A human look - such was the creed of the Magnum Photos Association which he founded in 1947. Henri Cartier-Bresson, Robert Capa, David Seymour and George Rodger founded Magnum photo, a cooperative agency of photojournalists owned and run by themselves. The new team would split assignments between themselves. Henri Cartier-Bresson would be assigned to India and China. George Rodger who had quit Life magazine in London after covering World war II, would cover Africa and the Middle East. David Seymour who spoke most European languages, would work in Europe. Robert Capa would work any where that had an assignment.

It was at Magnum that Henri Cartier-Bresson produced his famous essays. His photography conveyed and adapted a more general approach to express situations that are universally human.

When asked how he come upon the universally adopted term "the decisive moment", he replied: "I have nothing to do with it. I just found the following sentence in the memories of Cardinal de Retz: "Everything in the world has its decisive moment...." and when we were discussing the title for my book with my publisher, he suddenly said: "How about The Decisive moment, for instance" It was a fitting title and now I am a plagiarizer so to speak..... Naturally, the moment is a question of concentration. You must be concentrated, you must think, look, thats all..... The difference between a mediocre and a good picture amounts to a few millimetres..."

Henri Cartier-Bresson retired from photography in the early 1970's / 1972 and by 1975 no longer took pictures other than the occassional portrait. He became a recluse and lived in an apartment in Paris near the Louvre. Where he returned back to drawing and painting again.
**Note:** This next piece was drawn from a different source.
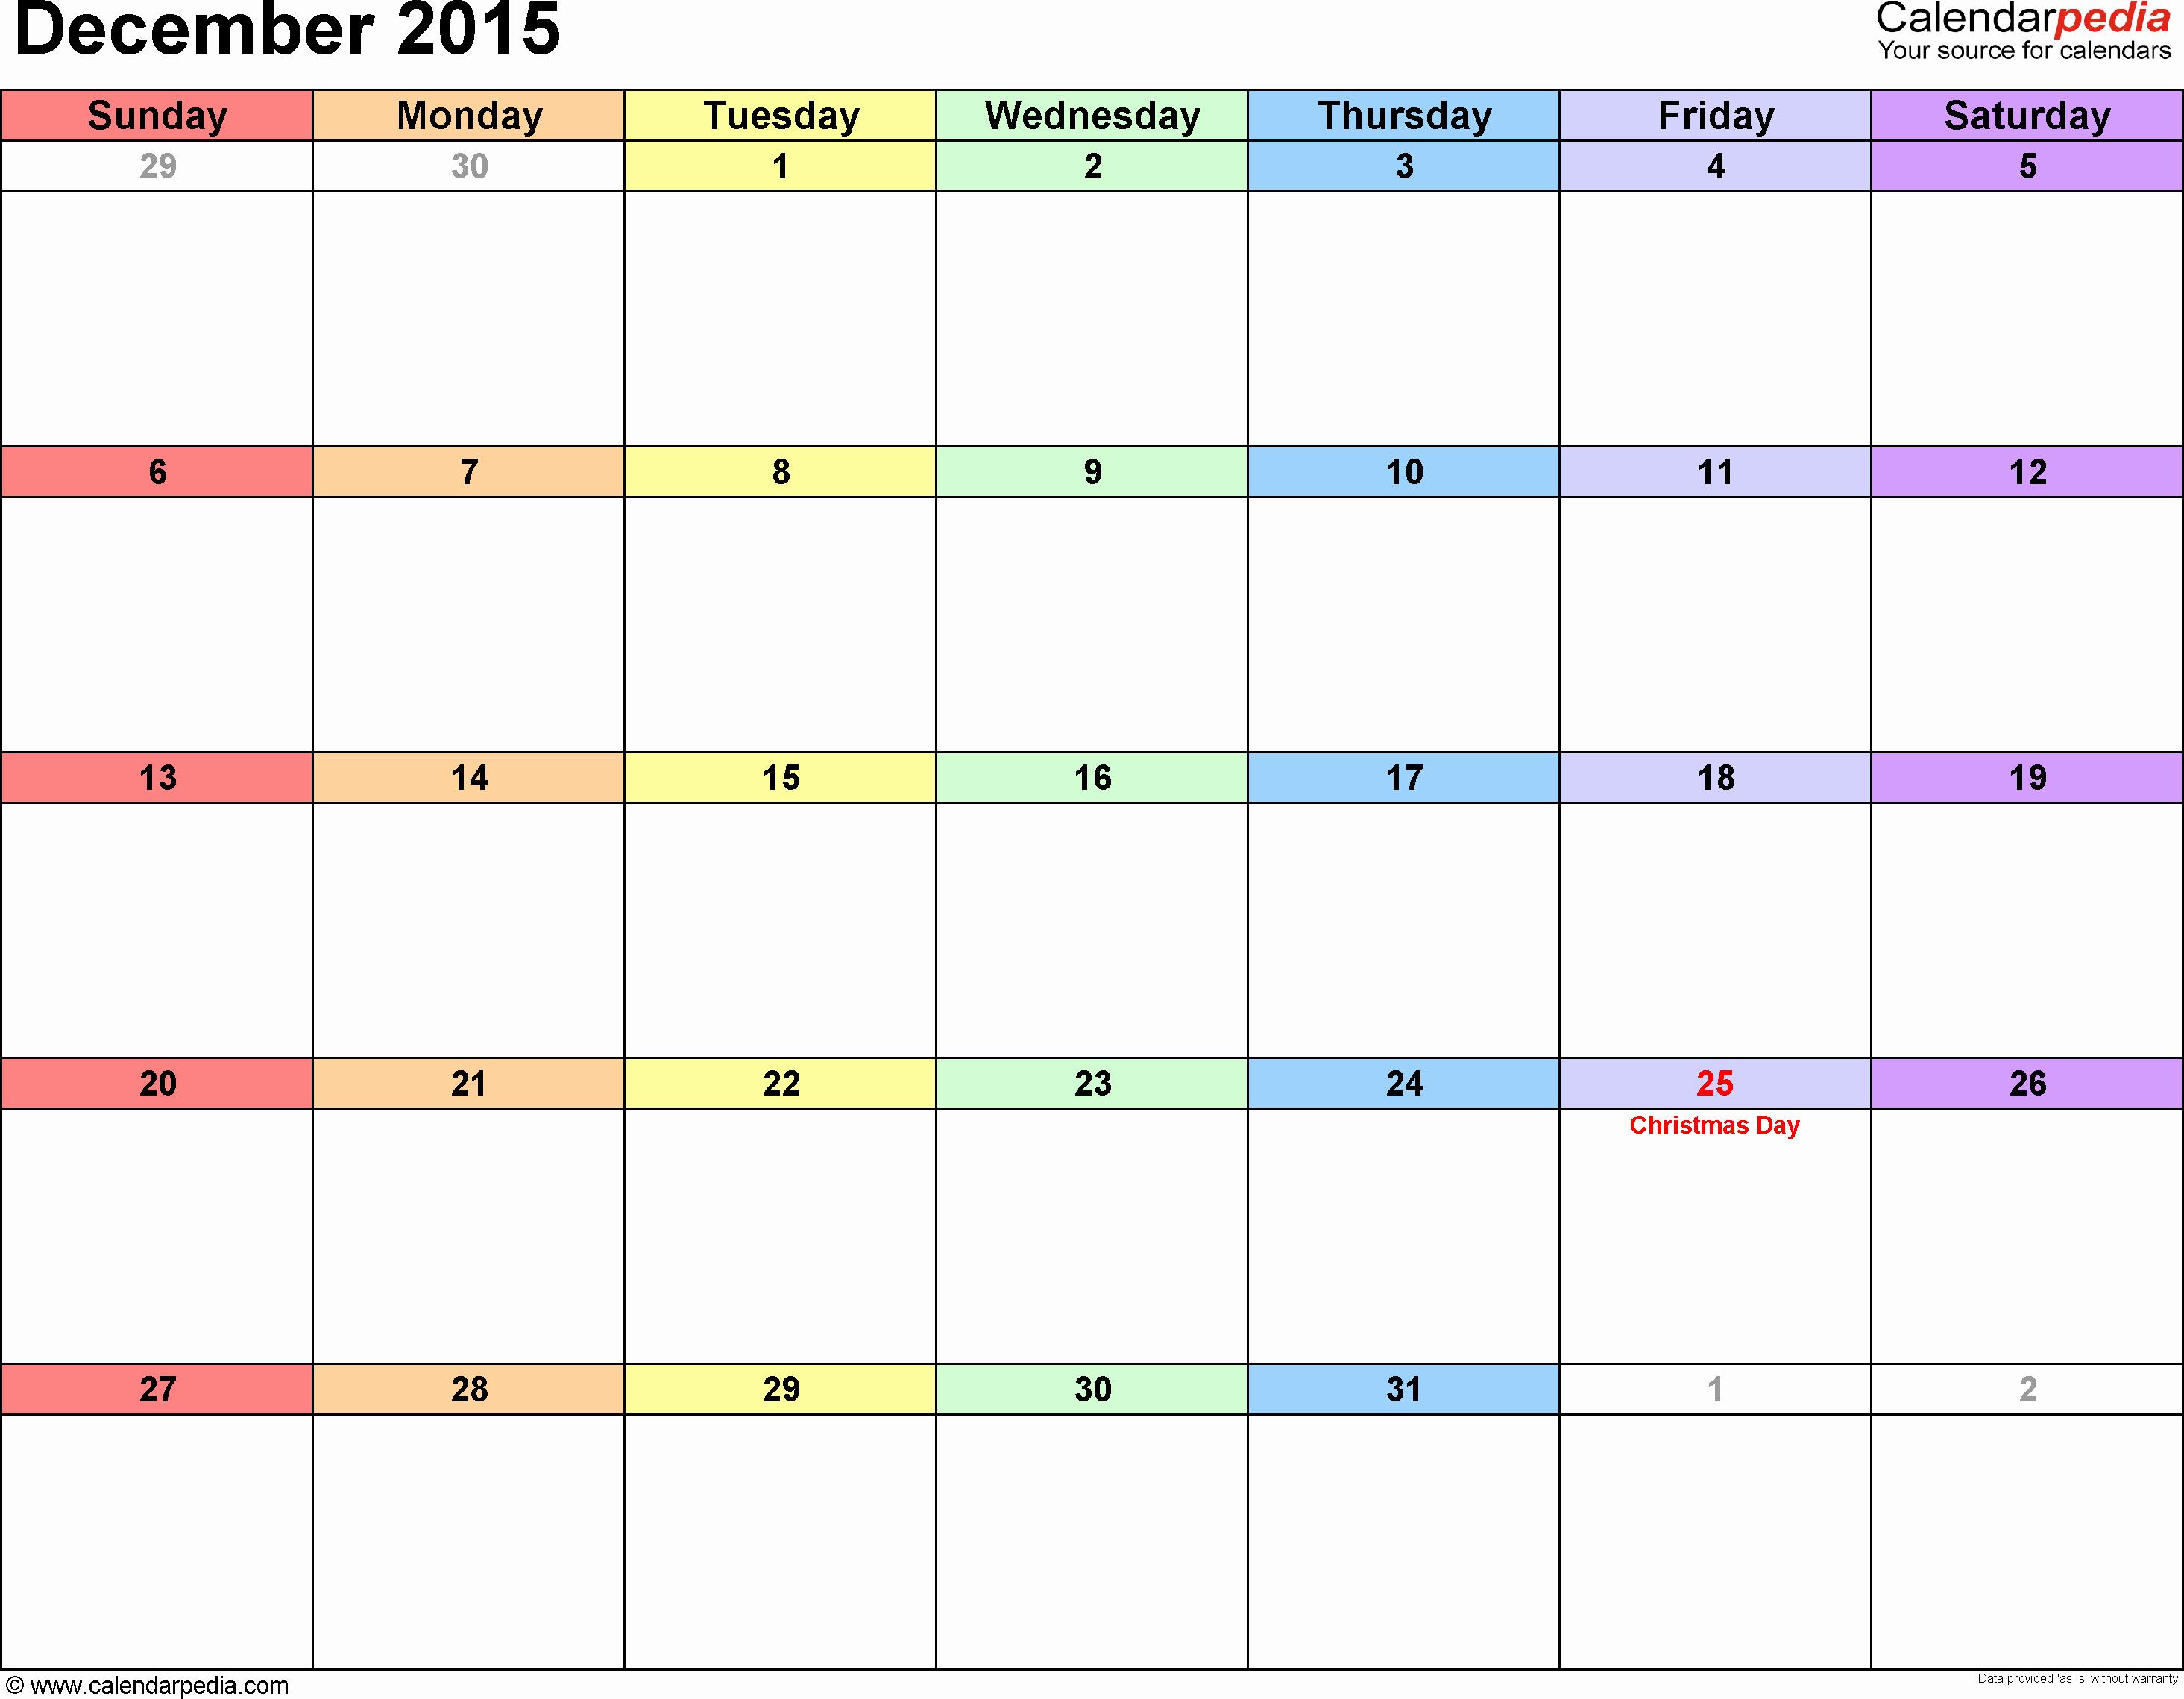 2015 Yearly Calendar Printable Landscape Unique December 2015 Calendars for Word Excel & Pdf

Henri Cartier-Bresson died in Montjustin, Alpes-de-Haute-Provence, France, on August 2004, at the age 95. He was survived by his wife, Martine Franck and daughter Melanie.

"The simultaneous recognition, in a fraction of a second, of the significance of an event as well as the precise organization of forms which gives that event its proper expression..... . In photography, the smallest thing can be a great subject. The little human details can become a leitmotif." - Henri Cartier- Bresson.